China has announced a $3bn (€2.44bn) list of US goods including pork, apples and steel pipe that may be hit with higher tariffs as part of a spiralling trade dispute with Donald Trump.
Companies and investors worry the row could depress global commerce, while the Chinese trade ministry has urged Washington to negotiate a prompt settlement to the conflict over the President's tariff hike on steel and aluminium.
Separately, the ministry also criticised Mr Trump's decision to approve a possible tariff hike on billions of dollars of Chinese goods in a dispute over Beijing's technology policy.
The ministry slammed that as "trade protectionism" but gave no indication how Beijing might respond.
The ratcheting up of tensions sent a shiver through world financial markets.
Shares tumbled on Wall Street and slumped in Asia, where Japan's Nikkei 225 index fell 3.5% while the Shanghai Composite index slipped 3.1% and Hong Kong's Hang Seng lost 2.8%.
The dollar dipped to 104.85 yen (71p) as investors shifted into the Japanese currency, which is viewed as a "safe haven" from risk.
China's proposed tariff hikes in response to the steel and aluminium duties appeared to be aimed at increasing domestic US pressure on Mr Trump by making clear which exporters, including farm areas that voted for the president in 2016, might be hurt.
Beijing is extending an olive branch and urging the US to resolve trade disputes through dialogue rather than tariffs," said economist Vishnu Varathan of Mizuho Bank in a report. "Nevertheless, the first volley of shots and retaliatory response has been set off.
The ministry said Beijing was considering a tariff increase of 25% on pork and aluminium scrap, mirroring Trump's 25% charge on steel.
A second list of goods including wine, apples, ethanol and stainless steel pipe would be charged 15%, mirroring Mr Trump's tariff hike on aluminium.
The ministry said Chinese purchases of those goods last year totalled £3bn (€2.44bn).
That would be less than 1% of Chinese imports of US goods and far smaller than the range of imports targeted by Mr Trump's order Thursday in the technology dispute.

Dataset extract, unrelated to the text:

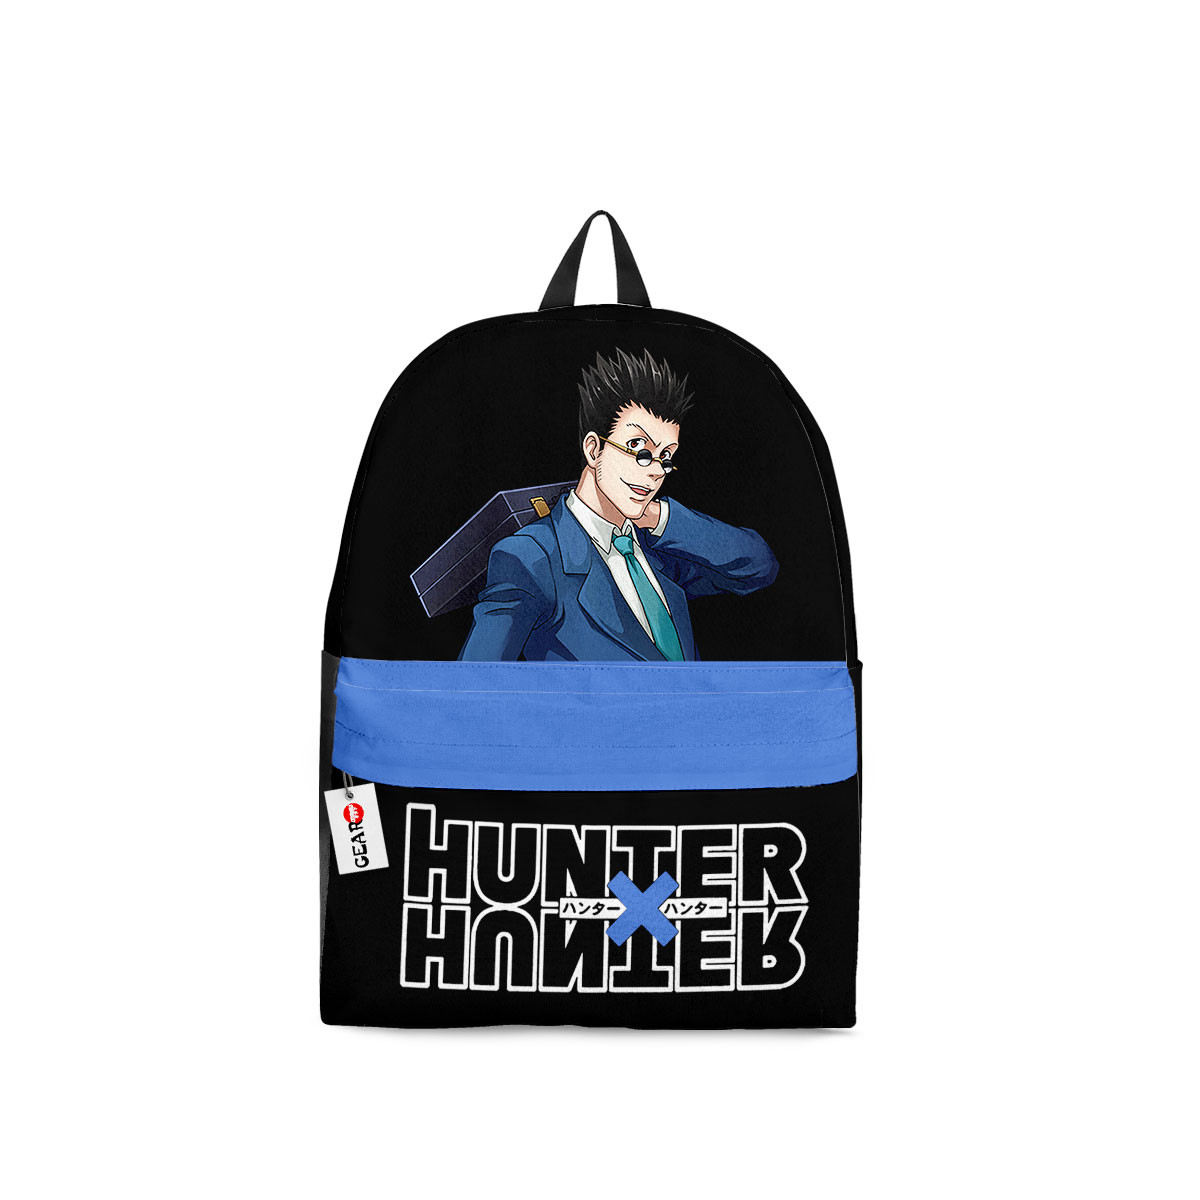 BEST Leorio HxH Anime Backpack Bag1

American business groups have warned Mr Trump his aluminium and steel tariffs could hurt the US economy and disrupt exports.
Companies worry the dispute could spiral into tit-for-tat import controls by governments worldwide that could suppress global trade.

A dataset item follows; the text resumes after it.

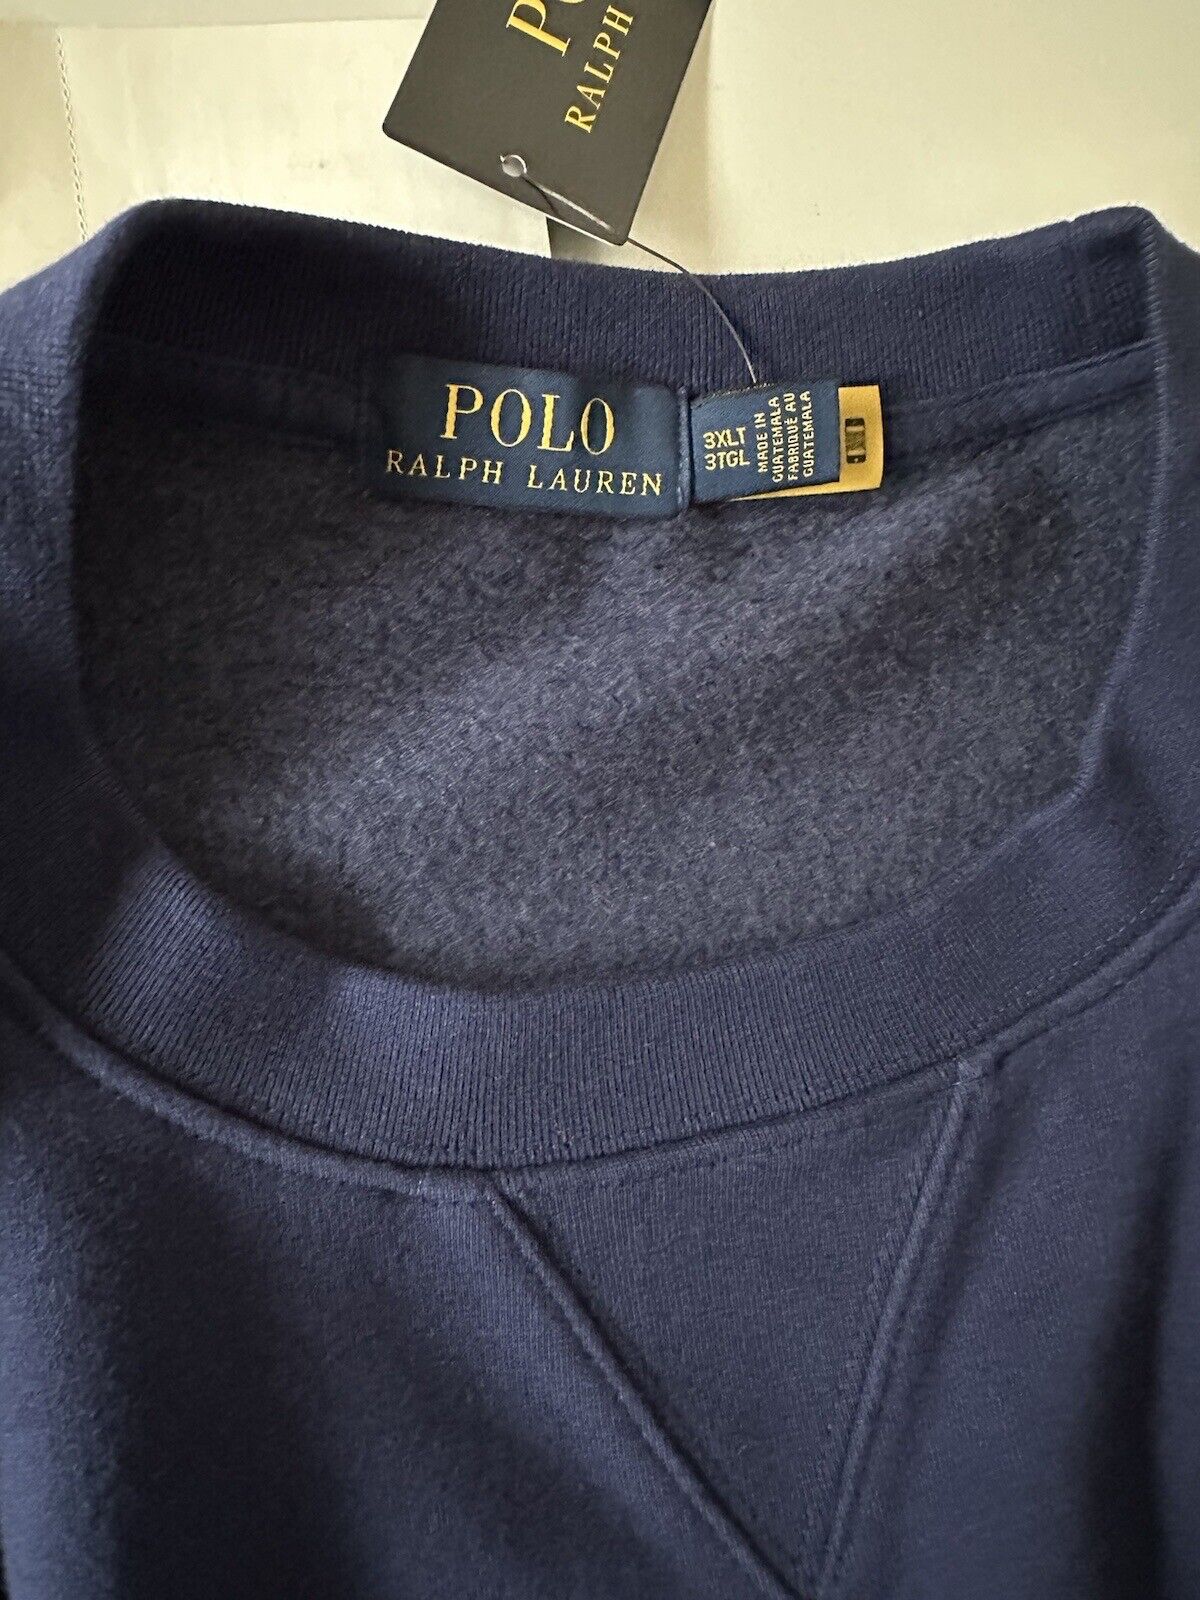 Neu $168 Polo Ralph Lauren Beach Bear Sweatshirt Blau 3XLT/2TGL

The US tariff hike on steel and aluminium imports also has irked Japan, America's closest ally in Asia.
"We have repeatedly told the US side that steel and aluminium imports from its ally Japan will not adversely affect America's national security, and that Japan should be excluded," Chief Cabinet Secretary Yoshihide Suga said at a routine news conference Friday.

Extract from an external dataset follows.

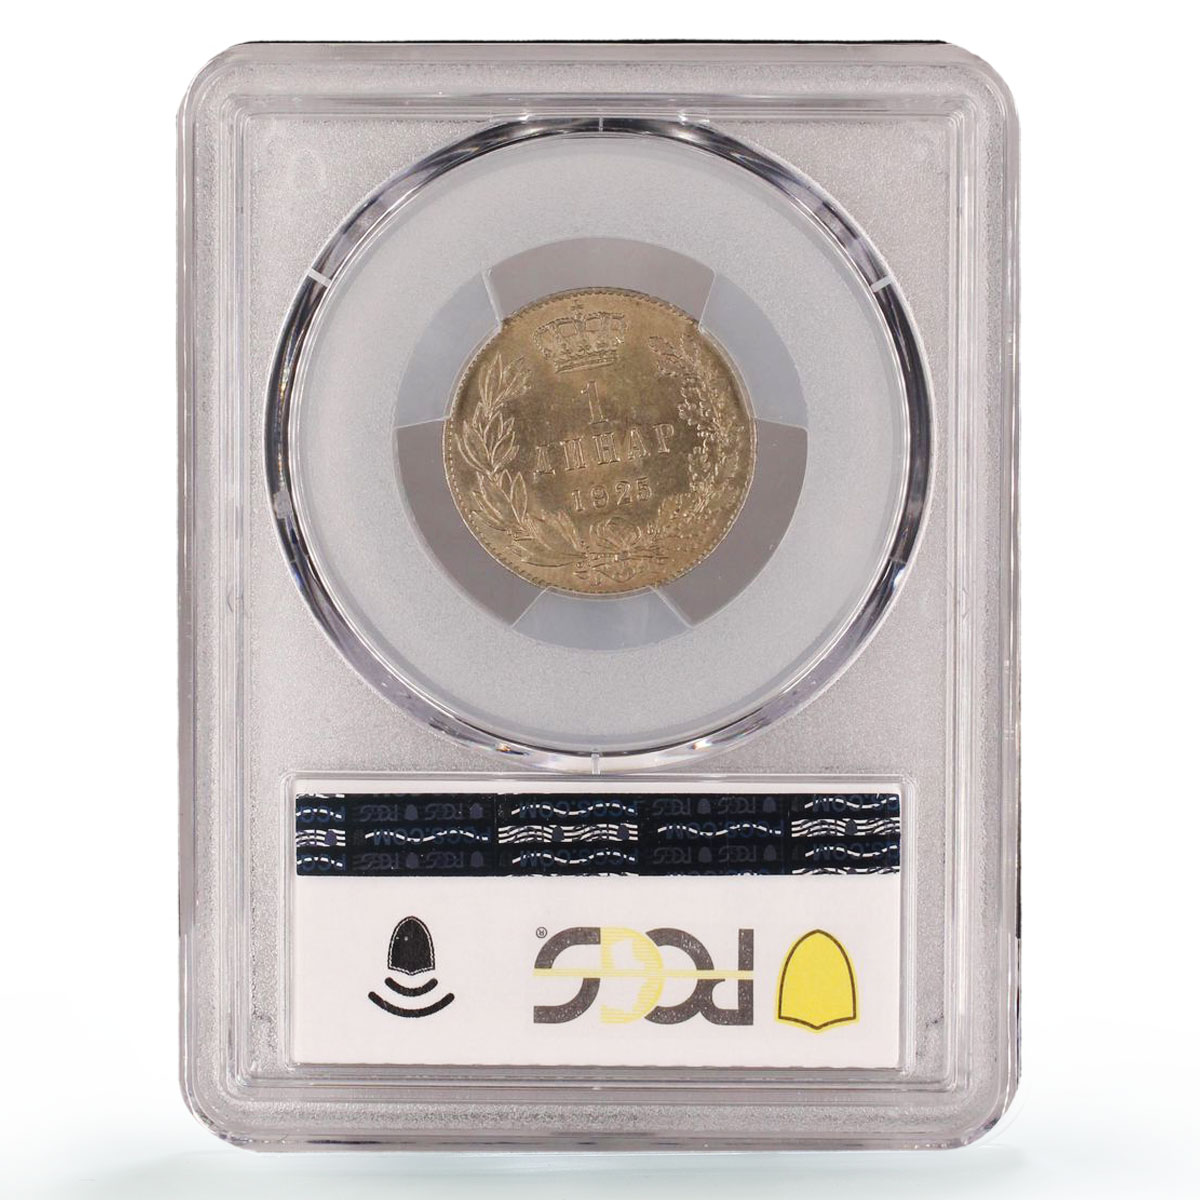 Yugoslavia 1 dinar Regular Coinage Alexander I Brussels MS64 PCGS CuNi coin 1925

China's top economic official, Premier Li Keqiang, appealed to Washington on Tuesday to "act rationally" and said, "we don't want to see a trade war".
The higher American duties on aluminium and steel have little impact on China, which exports only a small amount of those products to the United States.
But private sector analysts have said Beijing would feel obligated to take action to avoid looking weak in a high-profile dispute.
The Commerce Ministry said the higher US tariffs "seriously undermine" the global trading system. It rejected Mr Trump's contention they are needed to protect US national security.
The Chinese side urges the US side to resolve the concerns of the Chinese side as soon as possible," the ministry said. It appealed for dialogue "to avoid damage to overall Chinese-US cooperation.
Beijing reported a trade surplus of $275.8bn (€223.58bn) with the United States last year, or two-thirds of its global total. Washington reports different figures that put the gap at a record $375.2bn (€303.96bn).